[Task statement] Return the data exactly, with all pictures removed.

[The records]

++++++

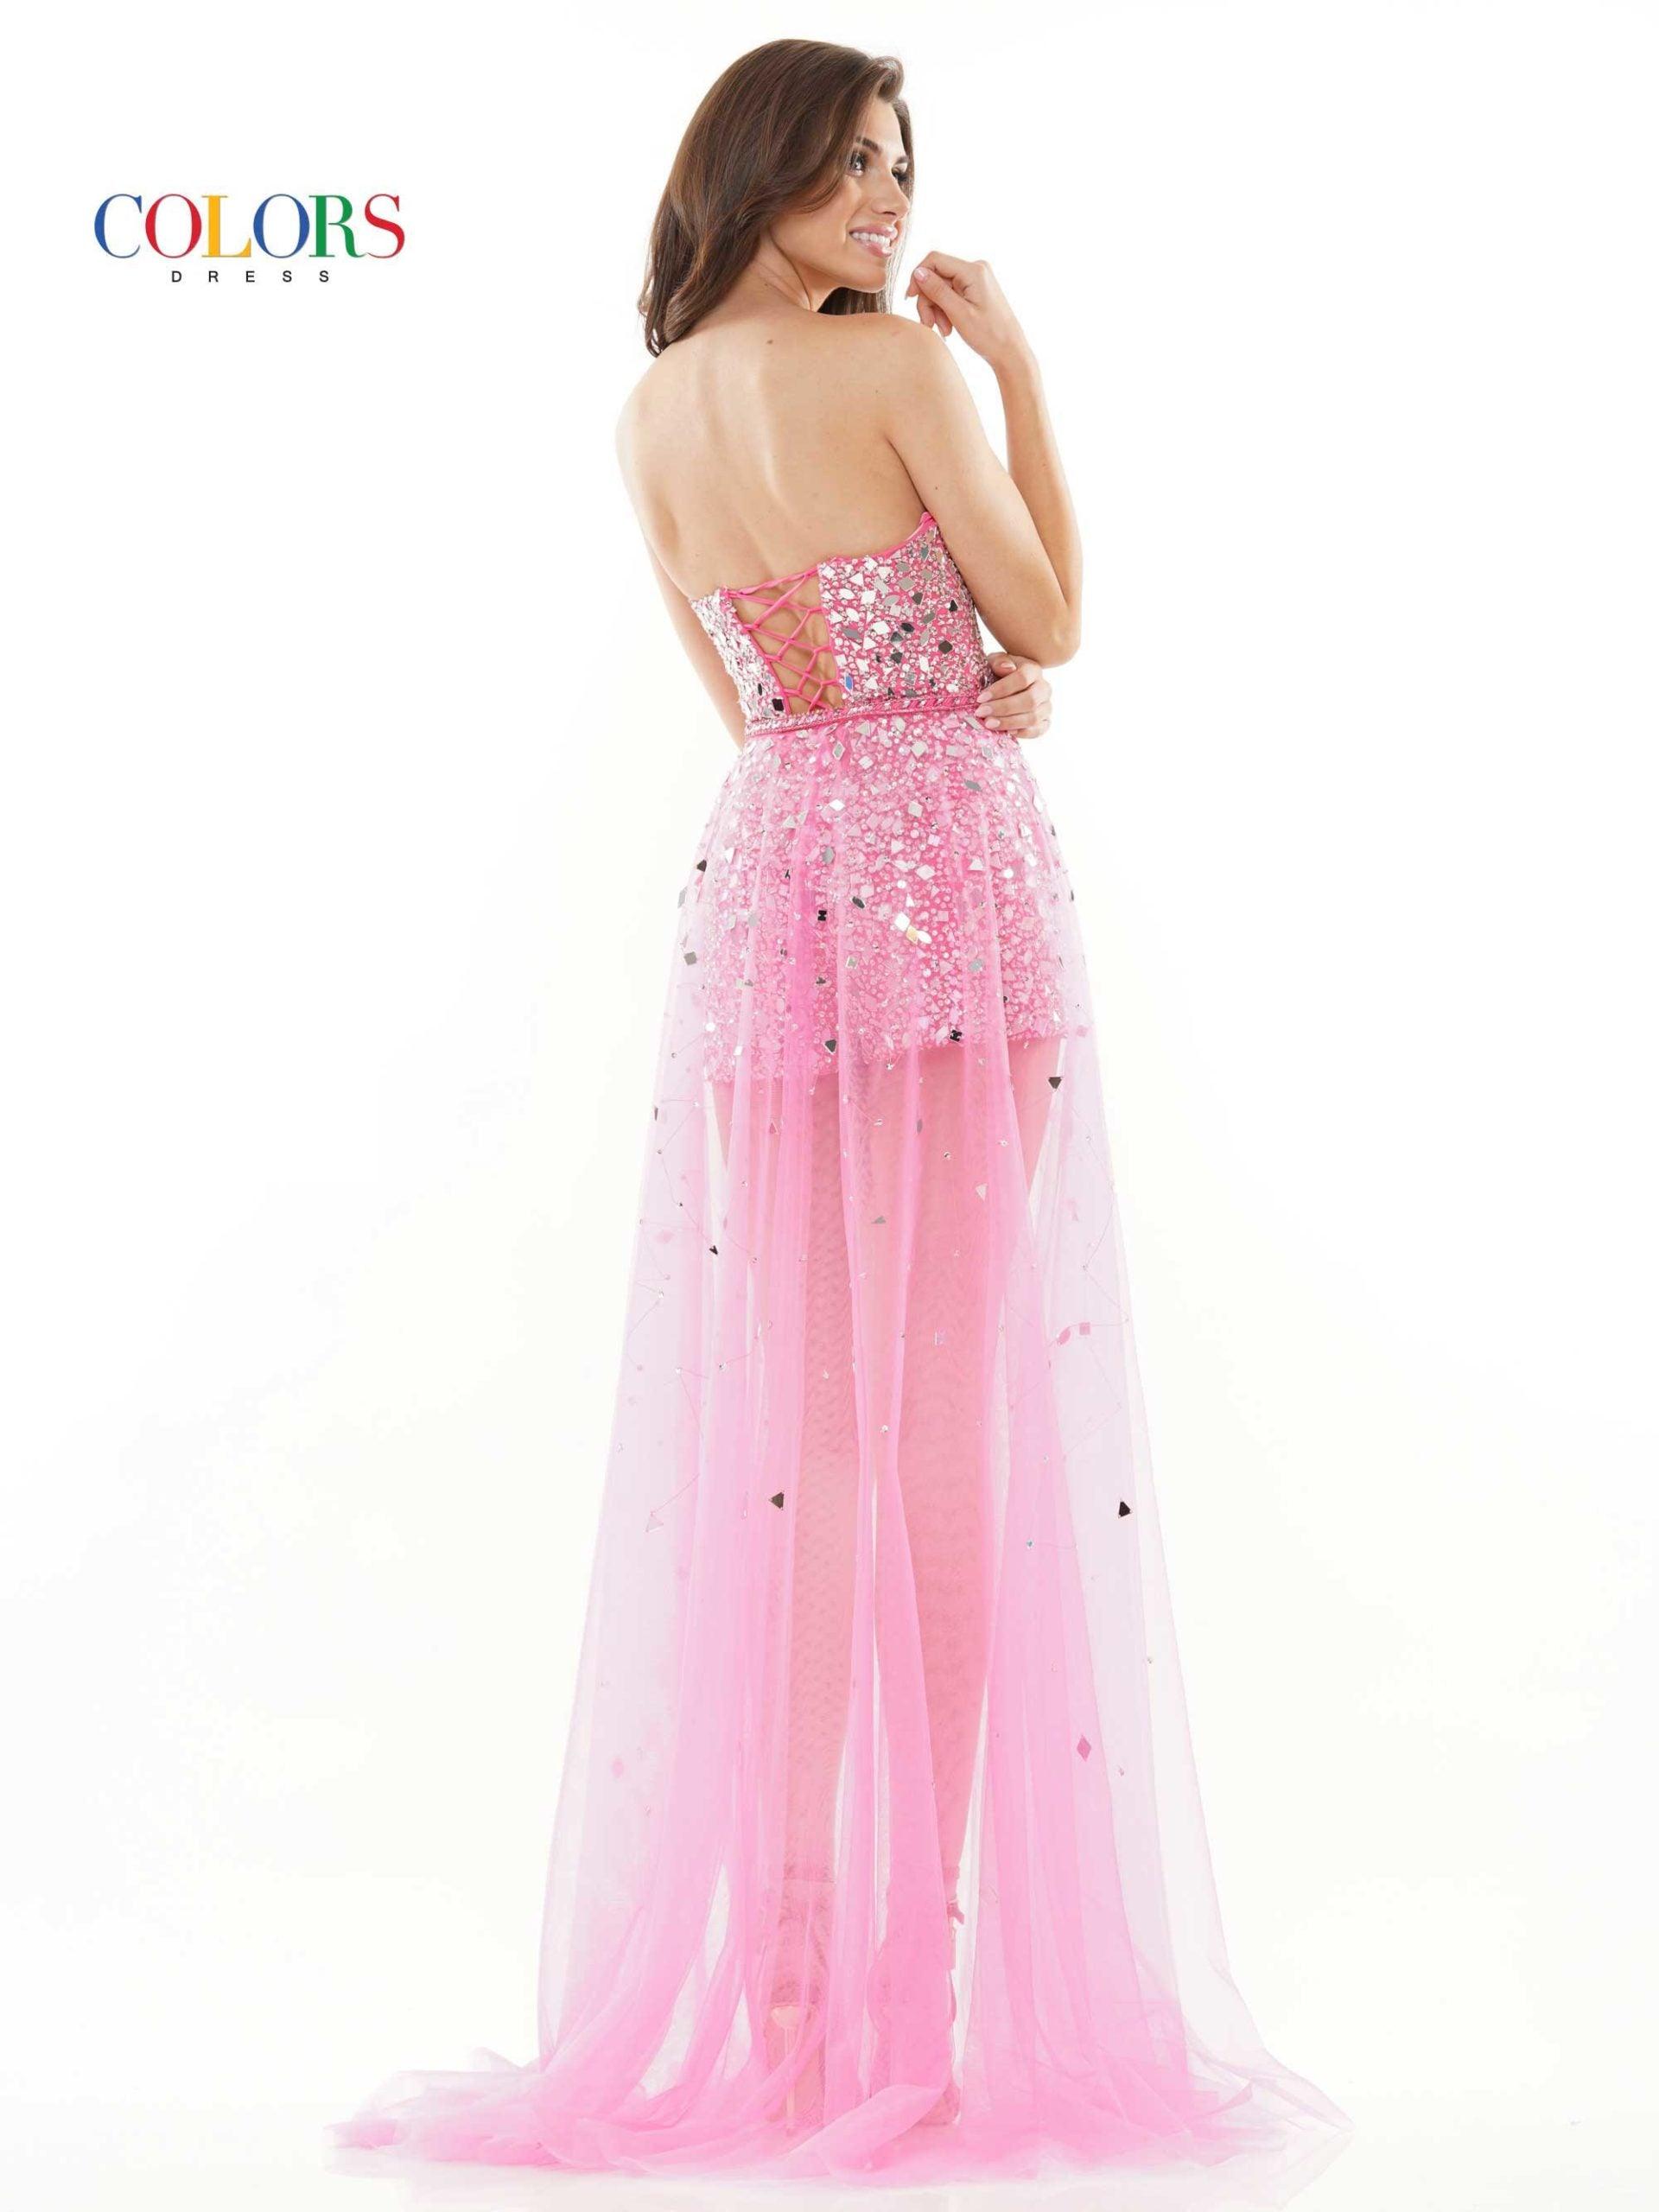 Colors Prom Short Romper Tulle Skirt Overlay 2445 - The Dress Outlet
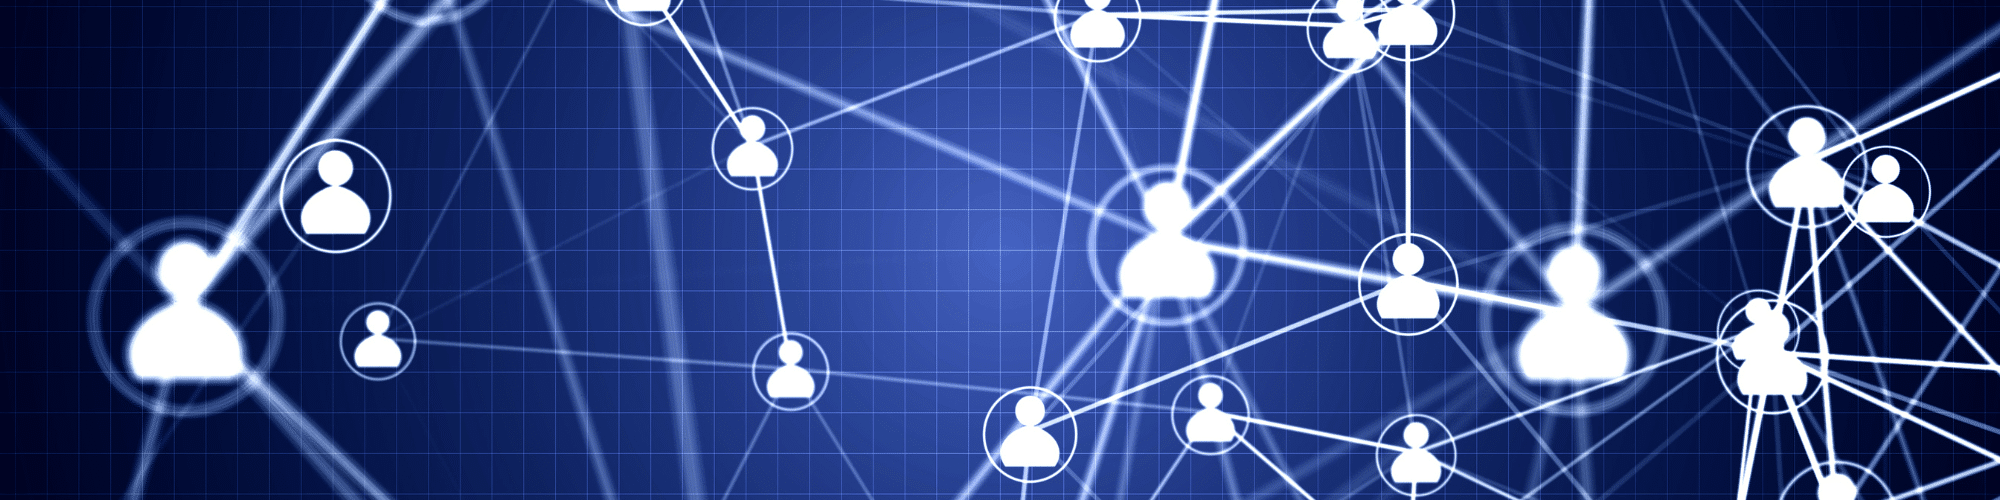 Social Network Analysis Key Terms
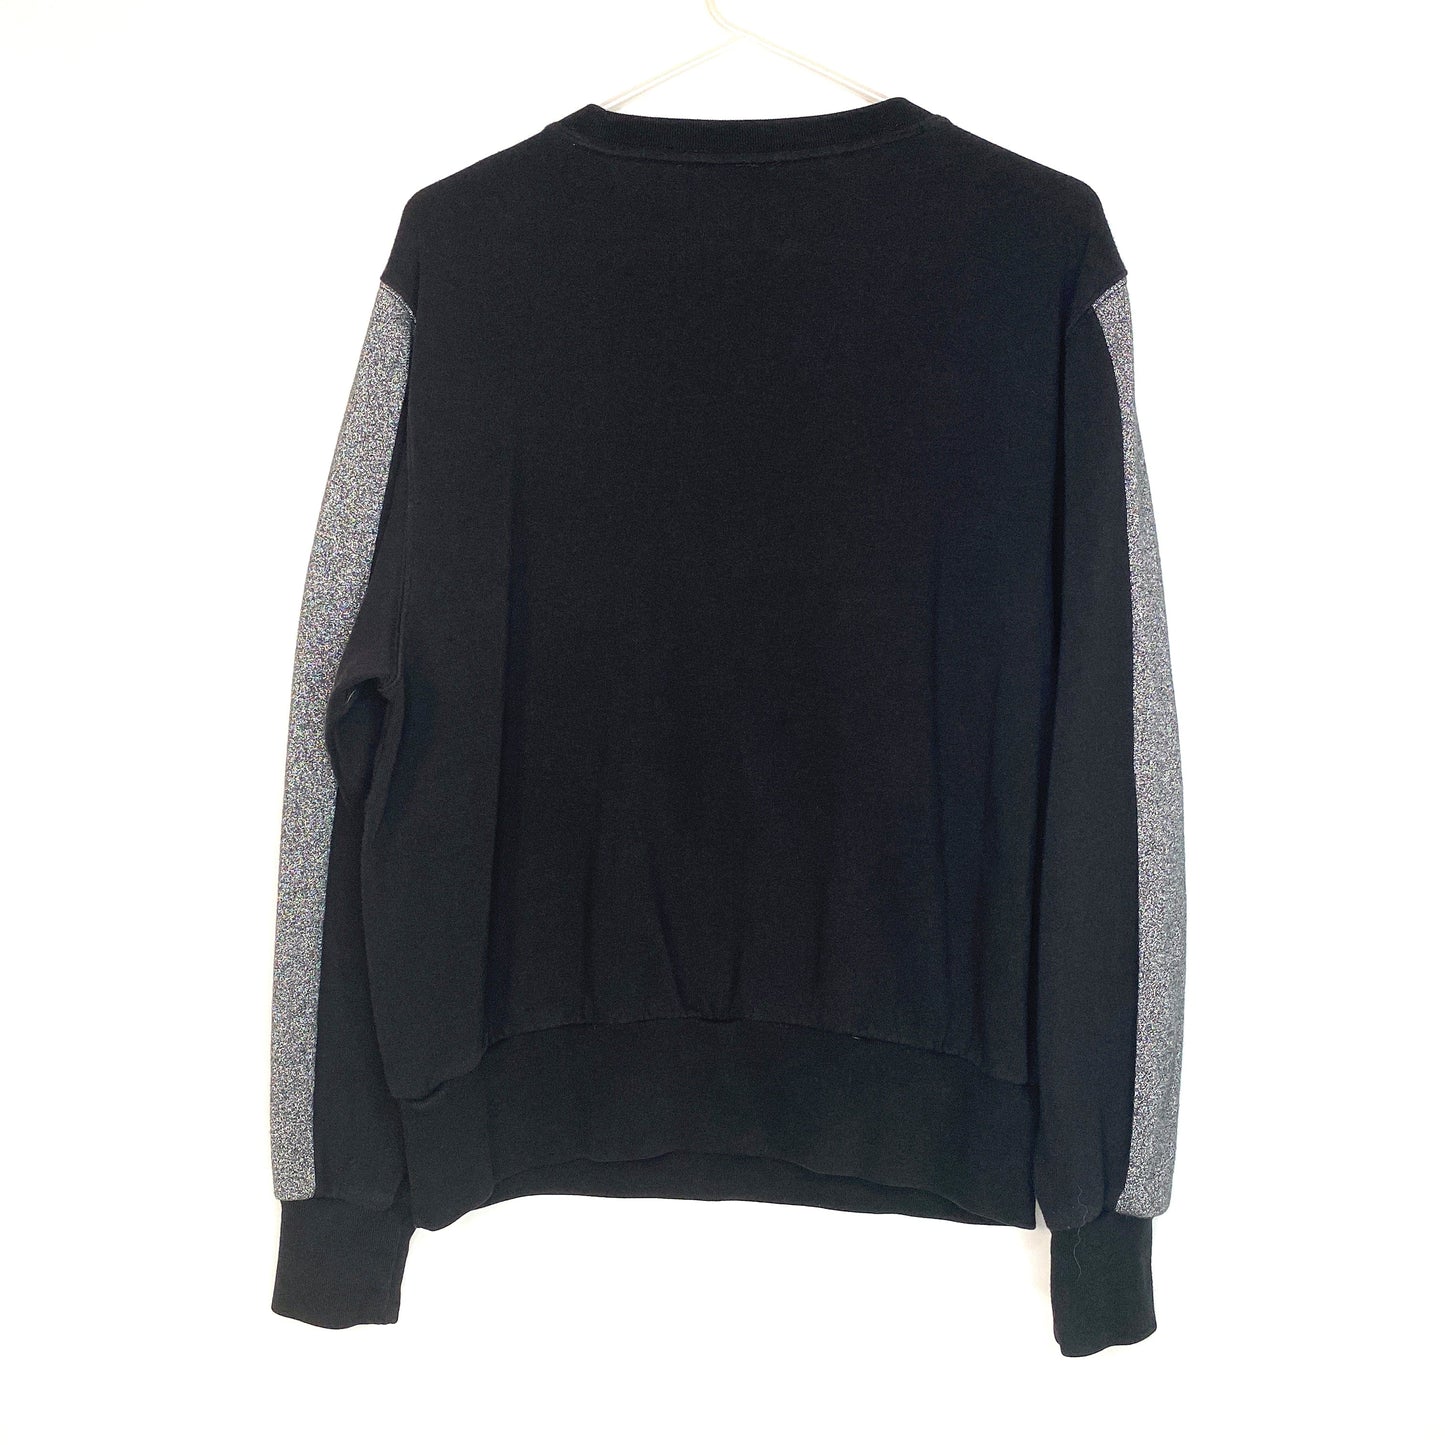 Limited Edition PINK Victoria's Secret Black Palm Sweatshirt S Black Solid Long Sleeve
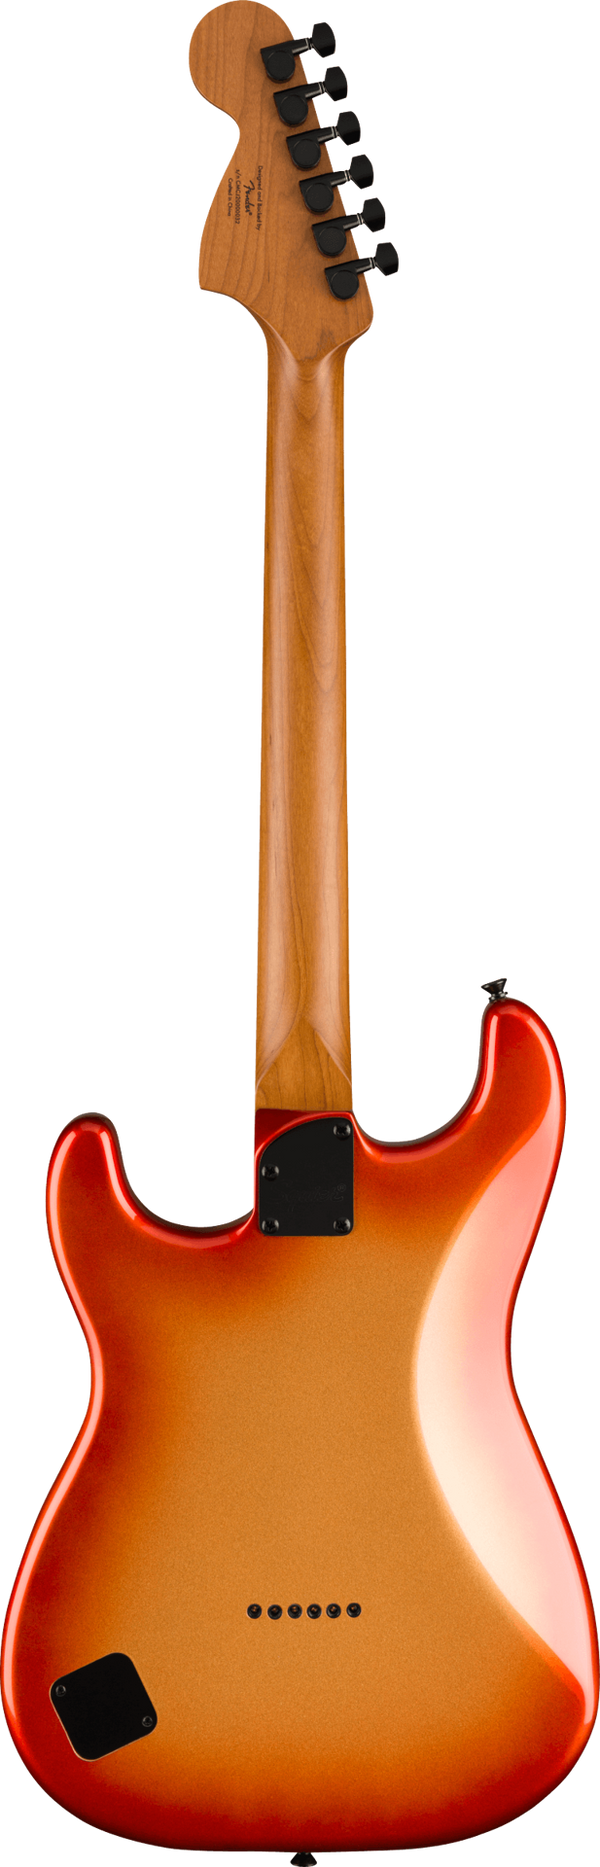 Squier Contemporary Stratocaster Special HT Laurel Fingerboard Black Pickguard Sunset Metallic
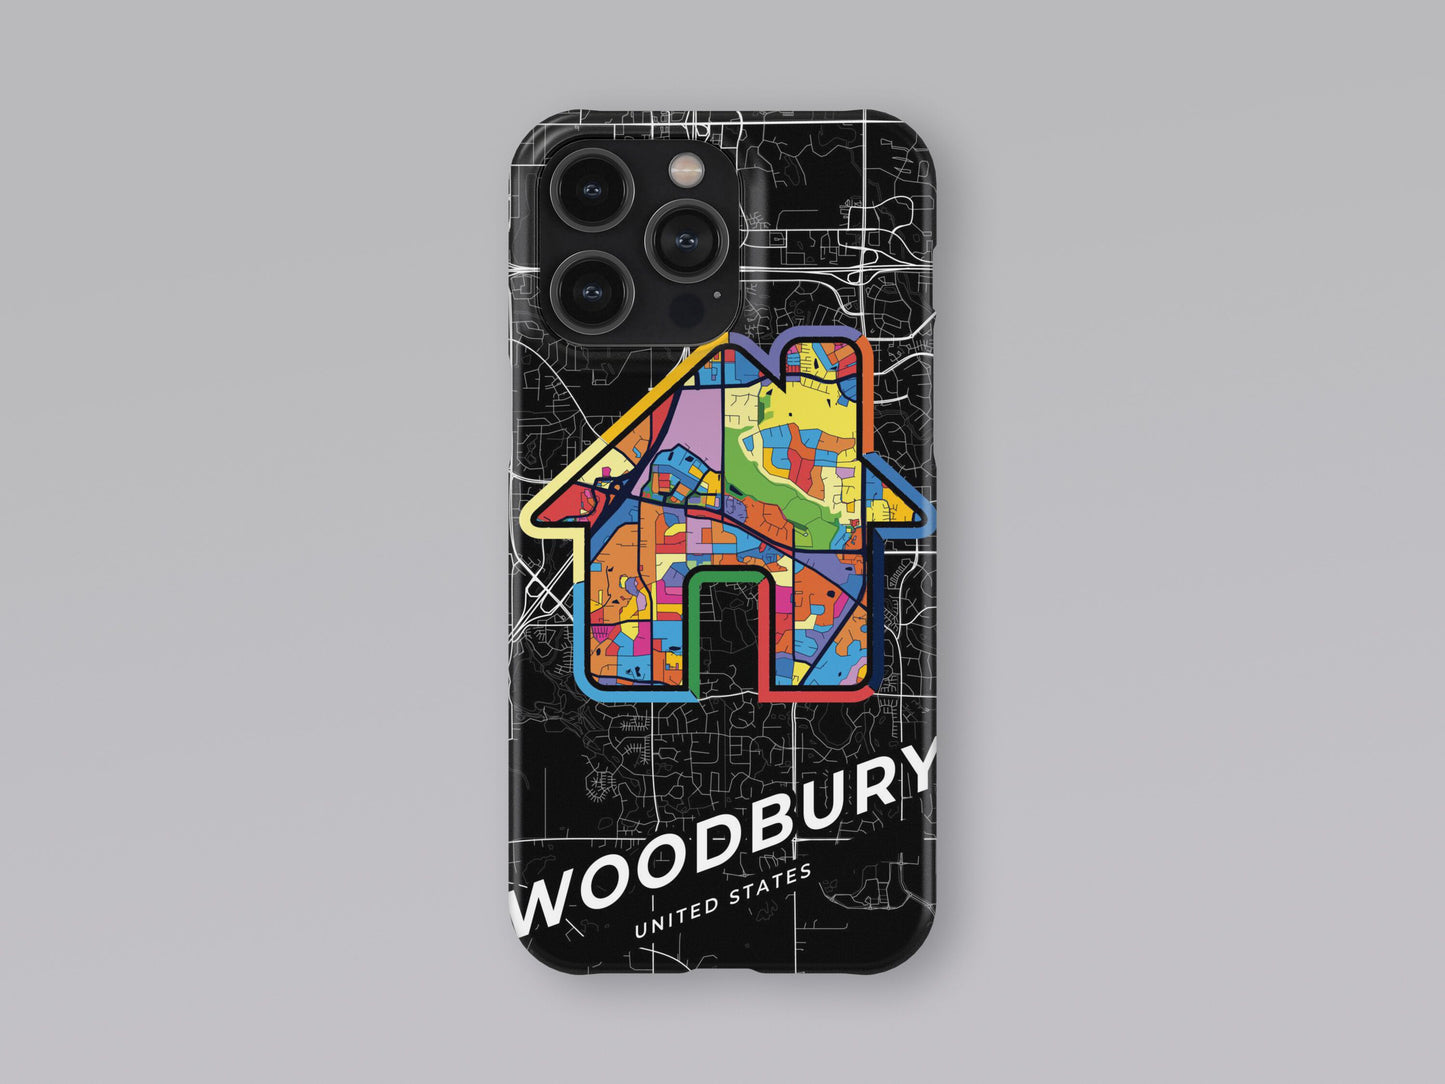 Woodbury Minnesota slim phone case with colorful icon 3

++++++

[Answer to this problem]
 Colors Prom Short Romper Tulle Skirt Overlay 2445 - The Dress Outlet
 Social Network Analysis Key Terms
 Limited Edition PINK Victoria's Secret Black Palm Sweatshirt S Black Solid Long Sleeve
 Squier Contemporary Stratocaster Special HT Laurel Fingerboard Black Pickguard Sunset Metallic
 Woodbury Minnesota slim phone case with colorful icon 3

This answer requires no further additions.